Hollywood Studios Roll Out Big Budget Flicks

Every summer, big Hollywood studios roll out big budget flicks, rich in special effects and celebrity actors. These blockbusters attract large audiences to multiplex and luxury movie theaters. Revenues from domestic and international ticket sales of these movie behemoths reach the billions of dollars.

Don't go in the water

The trend for summer superflicks started forty years ago with Jaws.

Filmmaker Steven Spielberg scared summer vacationers with this suspenseful shark attack story featuring a terrifying great white, a killing machine. Jaws raked in half a billion dollars worldwide, making it the highest grossing film of its time.

The on-screen recipe of thrills and chills continues today.

Avengers? or San Andreas?  The tsunami of ticket sales at home and abroad towers over the hundreds of millions it took to produce these action mega-flicks. Shown in IMAX and 3D, extravaganzas like these are the offspring of big Hollywood studios and multiplex theaters. Their theme, saving the world from monsters or natural disasters of catastrophic proportions, is rather consistent.

 In San Andreas, a massive earthquake threatens to devour California  and action superstar Dwayne "The Rock" Johnson plays a rescue pilot battling against time to save his daughter, while in the process saving everyone else lucky enough to be in his path.  The exceptional 3D visuals make up for what is, to say the least, a mediocre script. In its opening weekend, San Andreas grossed over $50 million, while Marvel's latest superhero flick, The Avengers: Age of Ultron, a $250 million production, has so far brought in over a billion dollars worldwide. Disaster films are Hollywood's major export as they cross cultural barriers and can excite any audience, while top stars such as The Avengers'  Robert Downy Junior, Scarlett Johansson and Chris Hemsworth are bankable the world over.  

Favorites return

For the older crowd, Hollywood also invests heavily in productions that hearken back to older film franchises. This summer, 14 years after Spielberg’s last Jurassic Park installment, Jurassic World comes roaring back, with a larger, fiercer T-Rex wreaking havoc.  The film cost $150 million, and the revenues? The sky's the limit. The film's premiere in Washington, DC, featured endless lines of Indomitus Rex's movie fans. Universal Studios will profit not just from theater ticket sales but also from its pricey admission fees to the Jurassic Park theme park in Orlando, Florida, and its movie merchandise in the U.S. and abroad.

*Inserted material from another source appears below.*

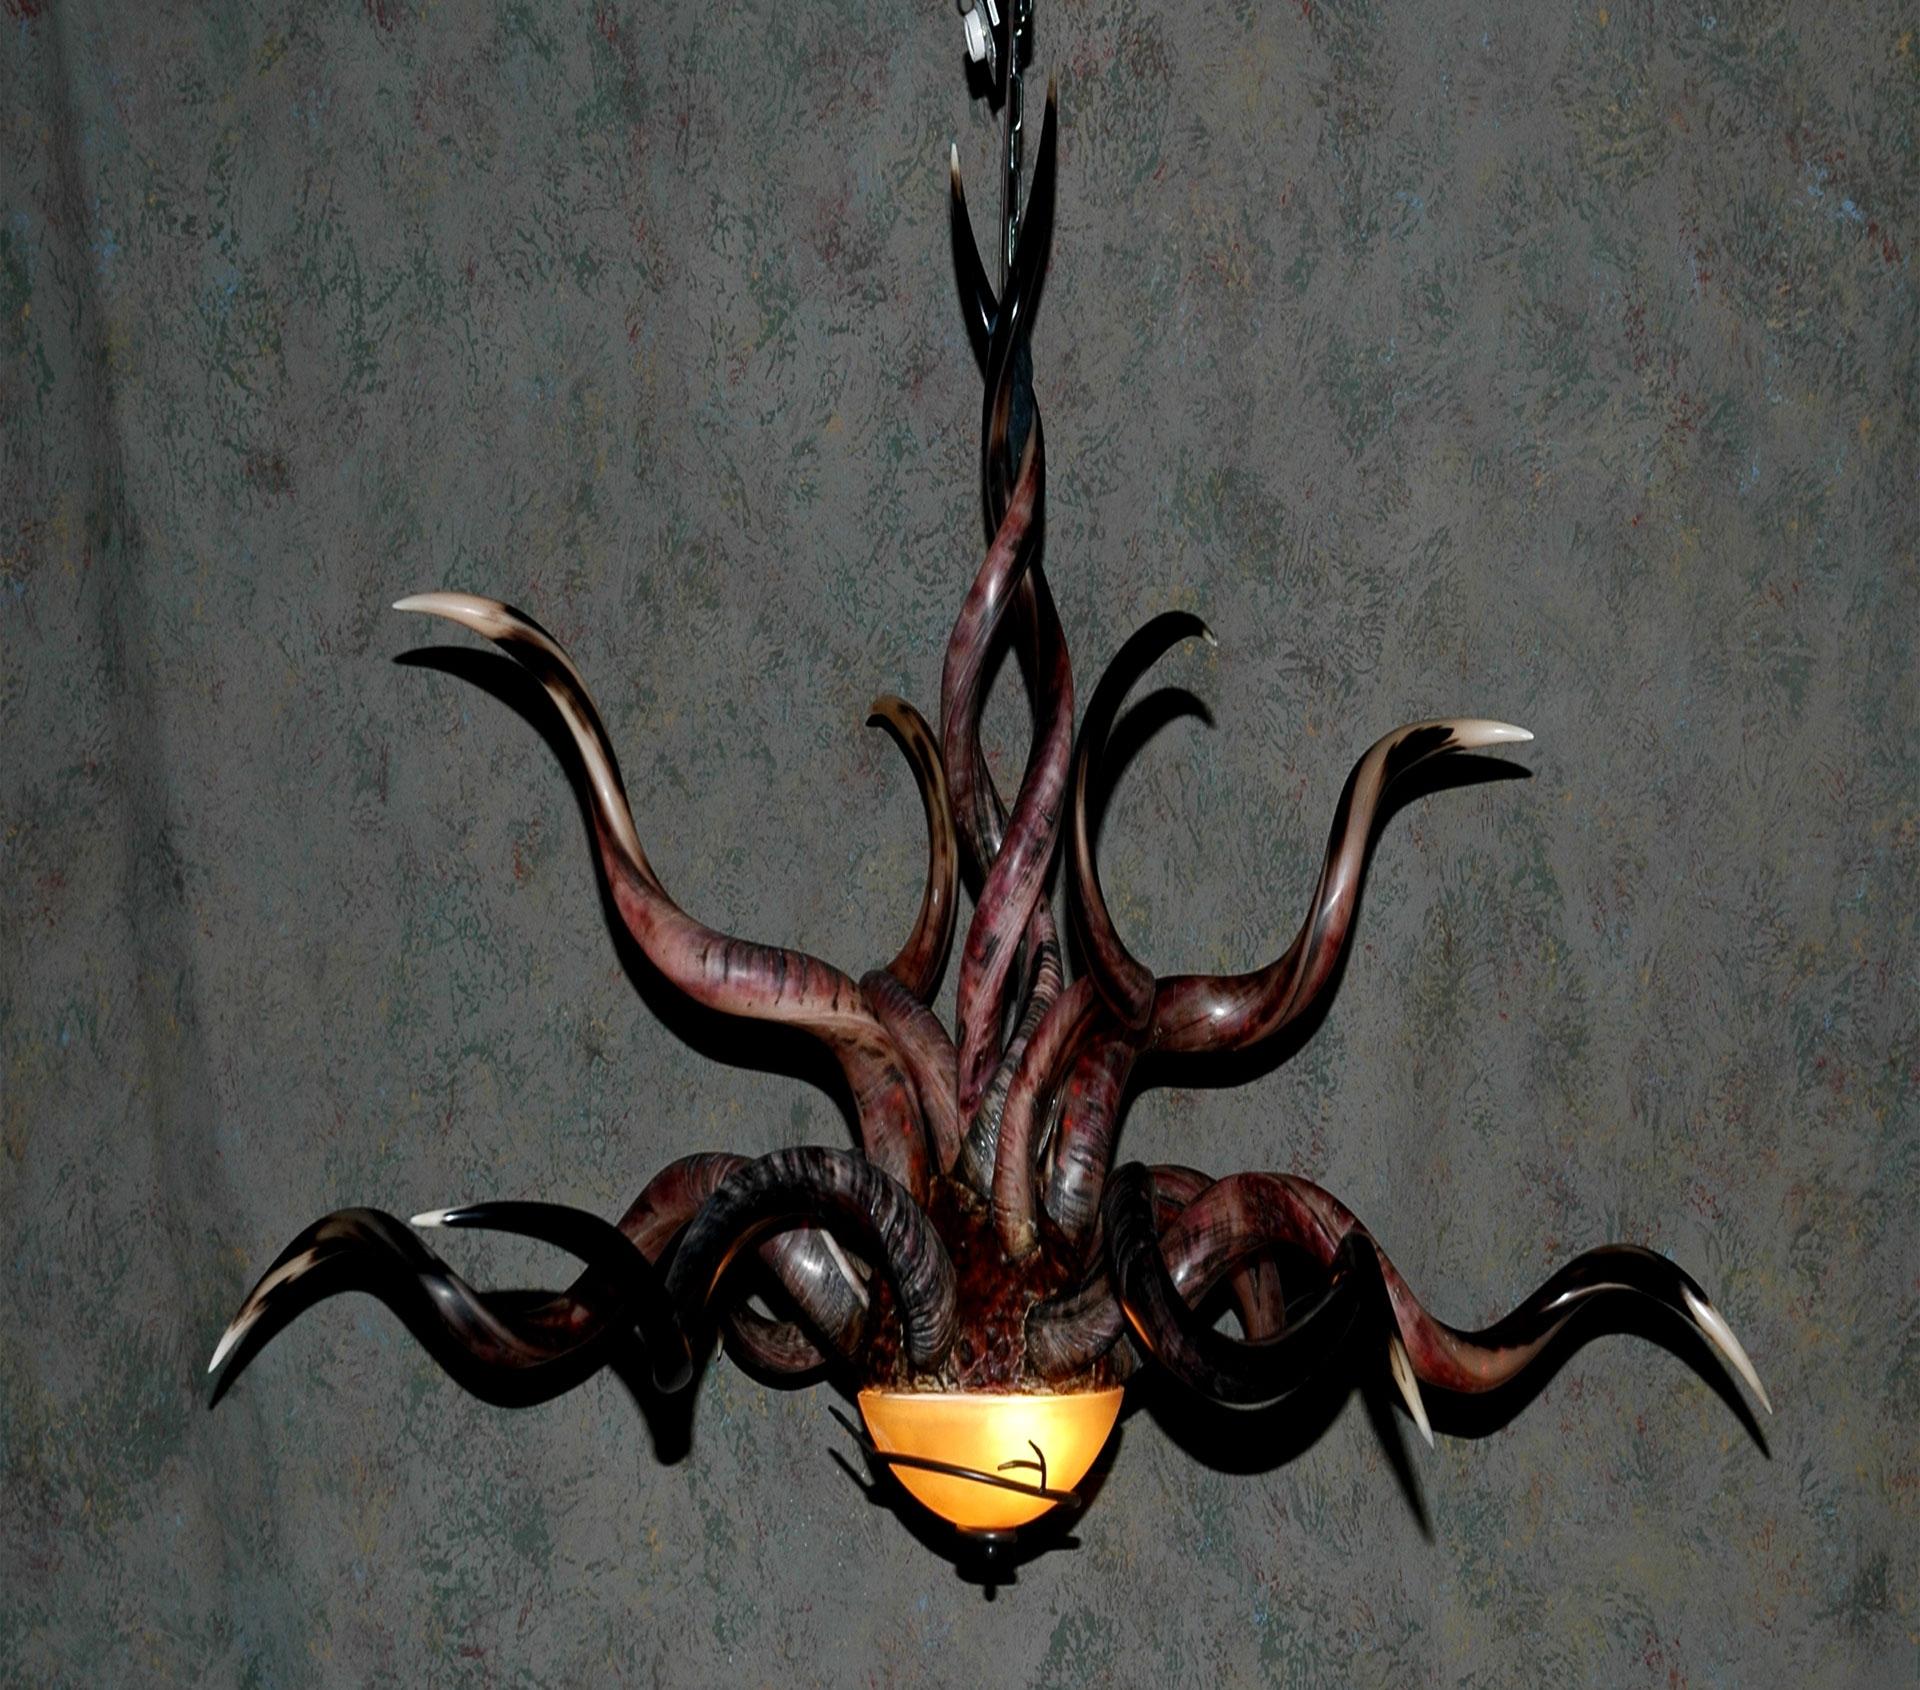 Widely Used Antler Chandeliers, Deer Antler Chandelier, Deer Antler Lamps Intended For Large Antler Chandelier (View 20 of 20)

Other blockbusters return with mature mega-stars, mainly men, who still hold a spell over movie-goers. They capitalize on the 3D and IMAX film technologies to drive Hollywood's money-making machine. Tom Cruise returns to Mission Impossible – Rogue Nation, to take on, well, a rogue nation. The new MI5 - as the film is abbreviated affectionately - is the fifth of the series and a sure international box office success.

But wait! Arnold Swarzenegger is back, too!

In Terminator Genysis, the fifth installment of the Terminator franchise,  Arnold Swarzenegger, soon to be 70, plays the iconic terminator-turned-savior-of-humanity, and proves he can still carry his weight and bring the masses to the theaters.